Shaped film cooling holes are a well-established cooling technique used in gas turbines to keep component metal temperatures in an acceptable range. One of the goals of film cooling is to reduce the driving temperature for convection at the wall, the success of which is generally represented by the film cooling adiabatic effectiveness. However, the introduction of a film cooling jet-in-crossflow, especially if it is oriented at a compound angle, can augment the convective heat transfer coefficient and dominate the flowfield. This work aims to understand the effect that a compound angle has on the flowfield and adiabatic effectiveness of a shaped film cooling hole. Five orientations of the public 7–7–7 shaped film cooling hole were tested, from a streamwise-oriented hole (0 deg compound angle) to a 60 deg compound angle hole, in increments of 15 deg.

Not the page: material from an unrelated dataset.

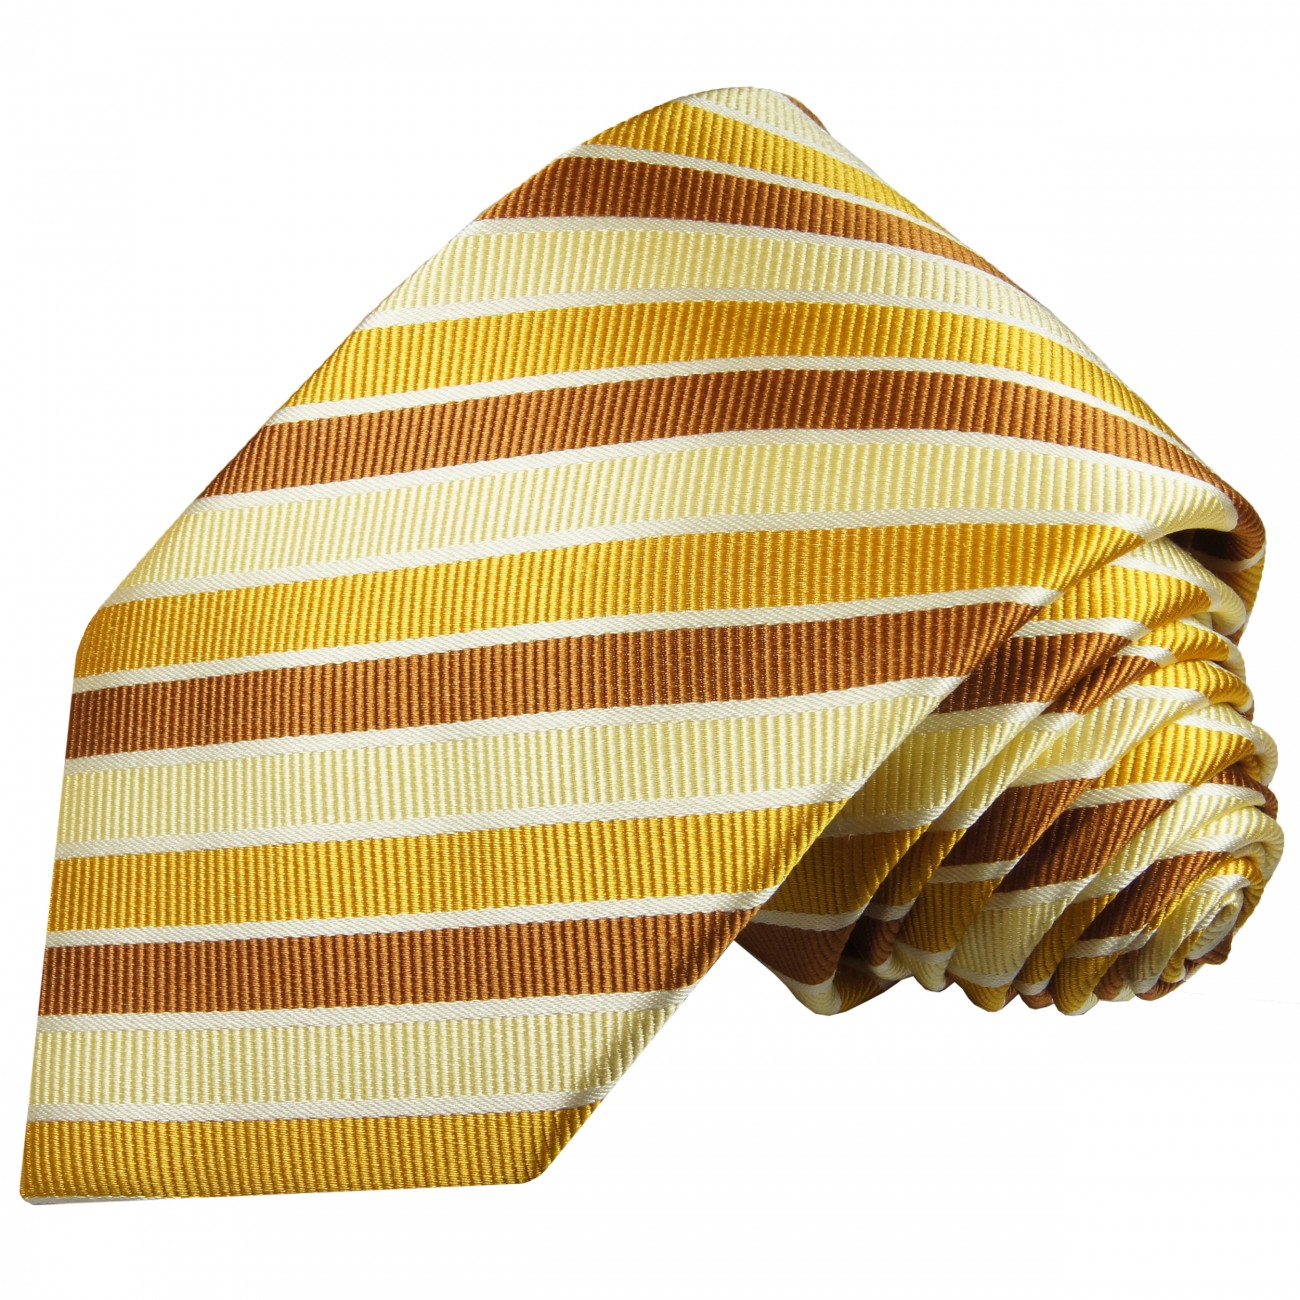 Krawatte gelb gold braun gestreift

Additionally, two pitchwise spacings of P/D = 3 and 6 were tested to examine the effect of hole-to-hole interaction. All cases were tested at a density ratio of 1.2 and blowing ratios ranging from 1.0 to 4.0. The experimental results show that increasing compound angle leads to increased lateral spread of coolant and enables higher laterally averaged effectiveness at high-blowing ratios. A smaller pitchwise spacing leads to more complete coverage of the endwall and has higher laterally averaged effectiveness even when normalized by coverage ratio, suggesting that hole to hole interaction is important for compound angled holes. Steady Reynolds-averaged Navier–Stokes computational fluid dynamics (CFD) was not able to capture the exact effectiveness levels, but did predict many of the observed trends. The lateral motion of the coolant jet was also quantified, both from the experimental data and the CFD prediction, and as expected, holes with a higher compound angle and higher blowing ratio have greater lateral motion, which generally also promotes hole-to-hole interaction.